Trivia: Bash arrays are zero-indexed. Zsh arrays are one-indexed by default. This difference has caused countless porting bugs and decades of flamewars. Associative arrays arrived in Bash 4.0 (2009) — meaning they're unavailable on macOS's default Bash 3.2 (Apple ships an old version due to GPLv3 licensing) and on RHEL/CentOS 6.


Part 4: Parameter Expansion — The Cheat Sheet That Replaces 5 External Commands

Every time you fork to sed, awk, basename, dirname, or cut for simple string operations, you're paying a process creation cost. Parameter expansion does it in the current shell, zero forks.

The cheat sheet

filepath="/var/log/nginx/access.log.gz"

# Strip path (basename equivalent)
echo "${filepath##*/}"          # access.log.gz

# Strip filename (dirname equivalent)
echo "${filepath%/*}"           # /var/log/nginx

# Remove shortest suffix match
echo "${filepath%.*}"           # /var/log/nginx/access.log

# Remove longest suffix match
echo "${filepath%%.*}"          # /var/log/nginx/access

# Remove shortest prefix match
echo "${filepath#*/}"           # var/log/nginx/access.log.gz

# Remove longest prefix match
echo "${filepath##*/}"          # access.log.gz

# Substitution (first match)
echo "${filepath/log/LOG}"      # /var/LOG/nginx/access.log.gz

# Substitution (all matches)
echo "${filepath//log/LOG}"     # /var/LOG/nginx/access.LOG.gz

# Length
echo "${#filepath}"             # 32

# Substring (offset, length)
echo "${filepath:5:3}"          # log

# Uppercase / lowercase (Bash 4.0+)
name="deploy_script"
echo "${name^^}"                # DEPLOY_SCRIPT
echo "${name^}"                 # Deploy_script (first char only)

Default values — your missing config guard

# Use default if unset or empty
DB_HOST="${DB_HOST:-localhost}"

# Use default if unset or empty AND assign it
DB_PORT="${DB_PORT:=5432}"

# Error if unset or empty (with message)
DEPLOY_ENV="${DEPLOY_ENV:?DEPLOY_ENV must be set}"

# Use alternative value if SET (opposite of :-)
LOG_PREFIX="${VERBOSE:+[VERBOSE] }"

Remember: The colon (:) matters. ${VAR-default} only triggers when VAR is unset. ${VAR:-default} triggers when VAR is unset or empty. In production, you almost always want the colon form — an empty string is rarely a valid configuration value.

Before (five forks):

dir=$(dirname "$filepath")
base=$(basename "$filepath")
ext=$(echo "$filepath" | sed 's/.*\.//')
name=$(echo "$filepath" | sed 's/\..*//')
upper=$(echo "$name" | tr '[:lower:]' '[:upper:]')

After (zero forks):

dir="${filepath%/*}"
base="${filepath##*/}"
ext="${filepath##*.}"
name="${filepath%%.*}"
upper="${name^^}"

Five external processes eliminated. On a loop processing 10,000 files, that's 50,000 fewer forks. The difference is measurable.

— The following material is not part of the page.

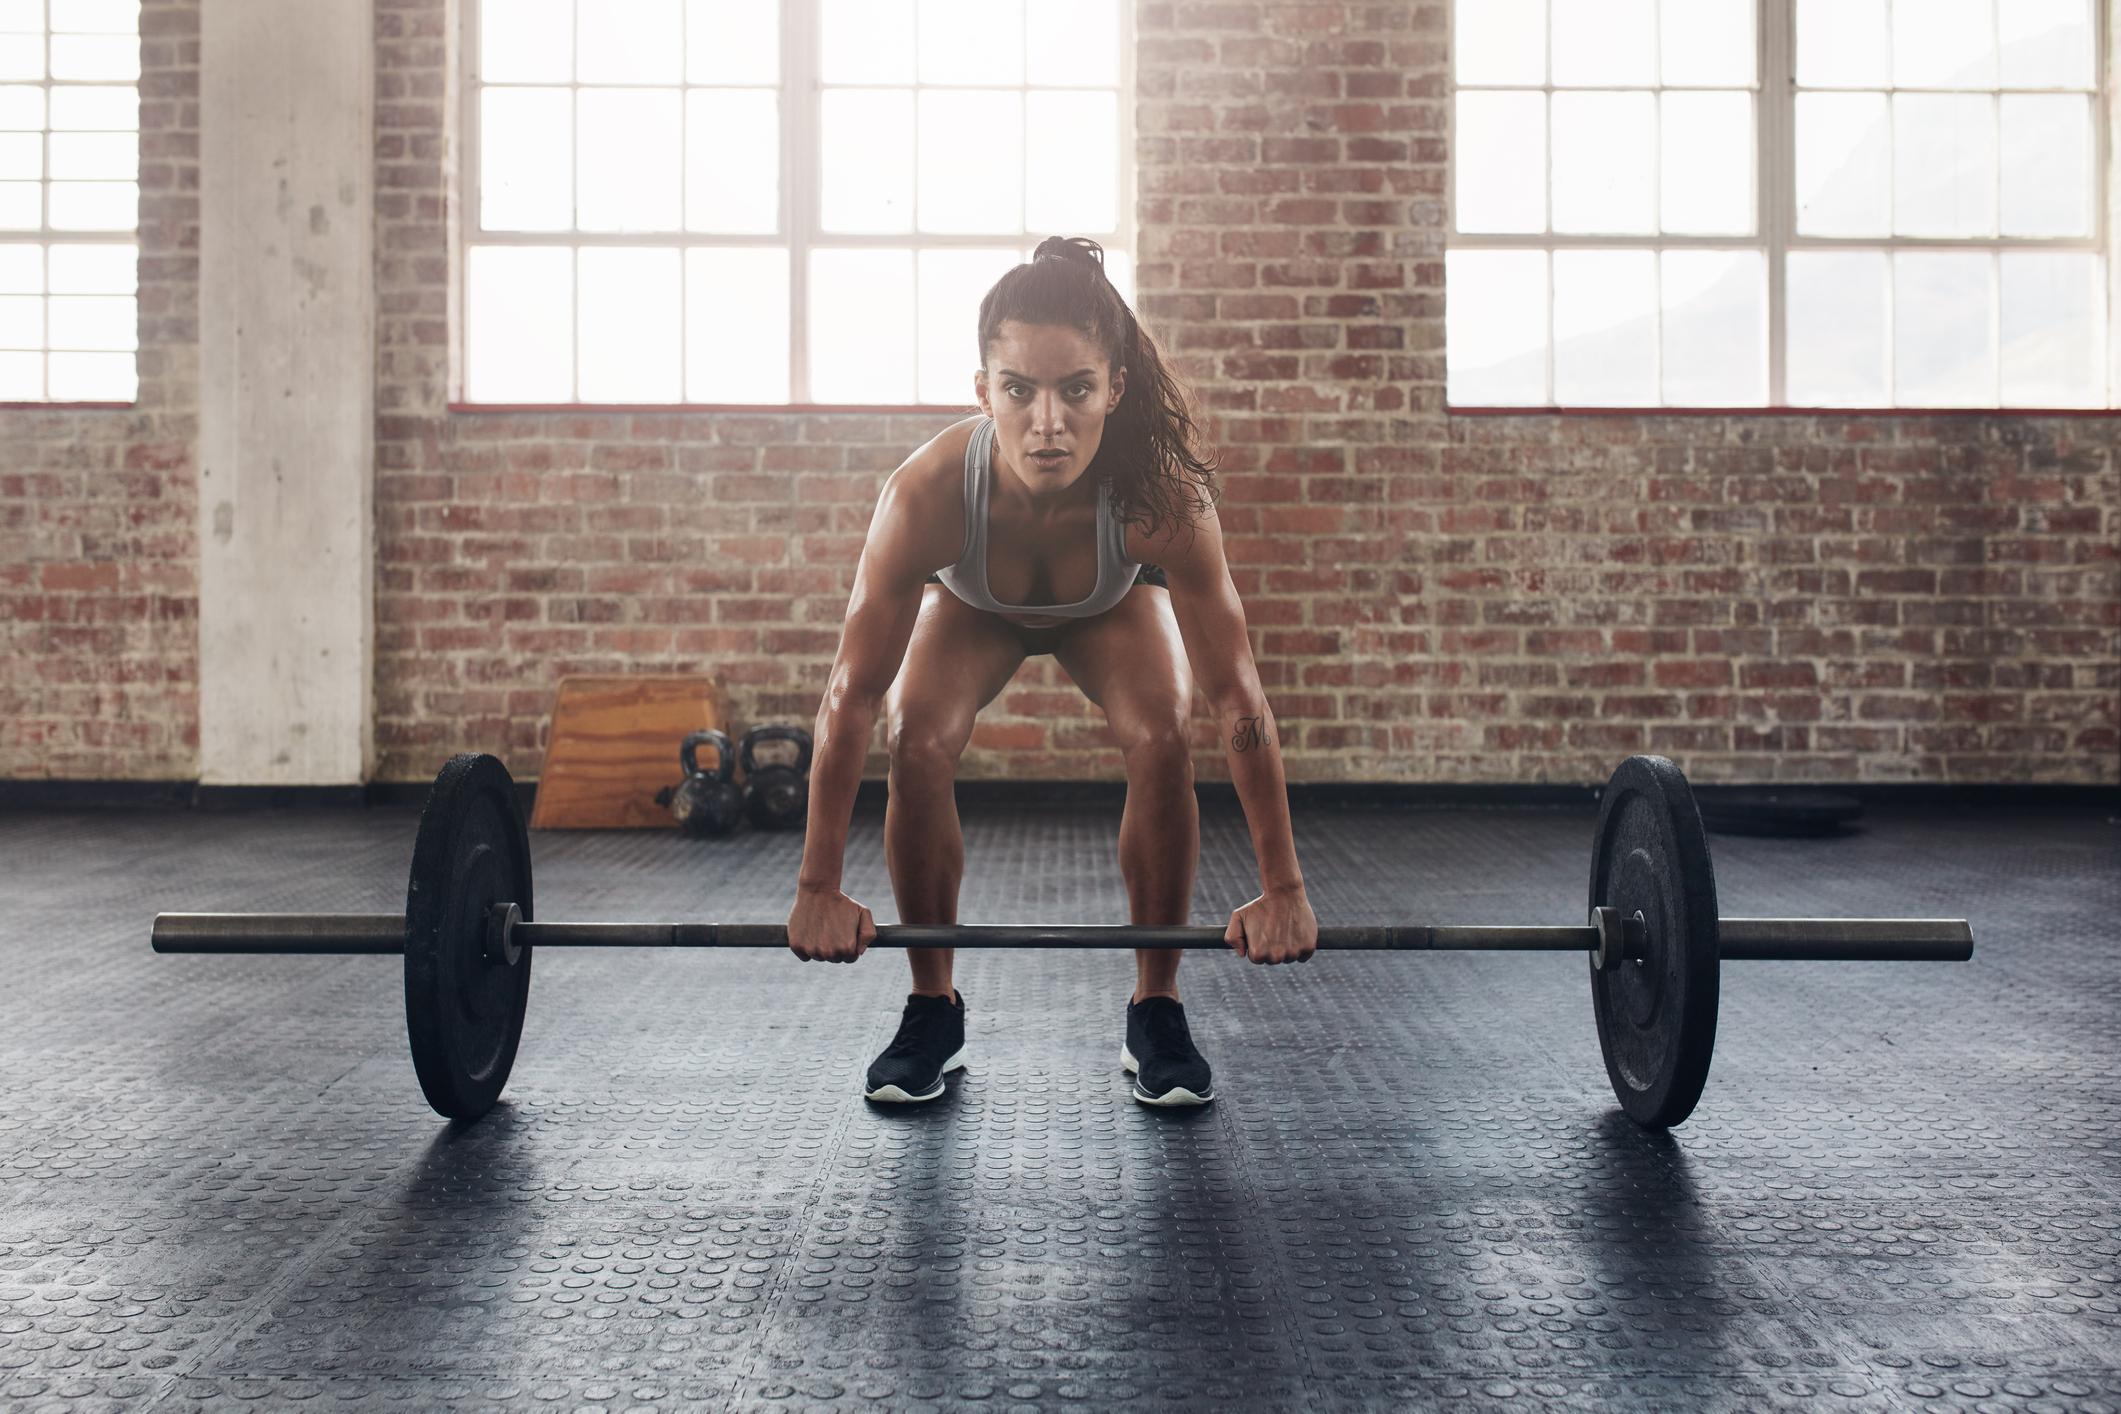 5 міфів про підняття великої ваги, в які потрібно перестати вірити жінкам

Flashcard Check: Expansion and Arrays

Question Answer
${var%.*} vs ${var%%.*} on "file.tar.gz" file.tar vs file% is shortest match, %% is longest
How do you check if a key exists in an associative array? [[ -v ARRAY[key] ]]
${var:?message} — what happens if var is empty? Script exits with message printed to stderr
Why is "${HOSTS[@]}" safer than ${HOSTS[*]}? @ preserves element boundaries; * joins into one string

Part 5: Process Substitution — No More Temp Files

<(command) creates a temporary file descriptor containing the command's stdout and passes its path as a filename. It's process substitution, and it eliminates an entire category of temp-file management.

# Compare config across two servers — no temp files
diff <(ssh web-01 'cat /etc/nginx/nginx.conf') \
     <(ssh web-02 'cat /etc/nginx/nginx.conf')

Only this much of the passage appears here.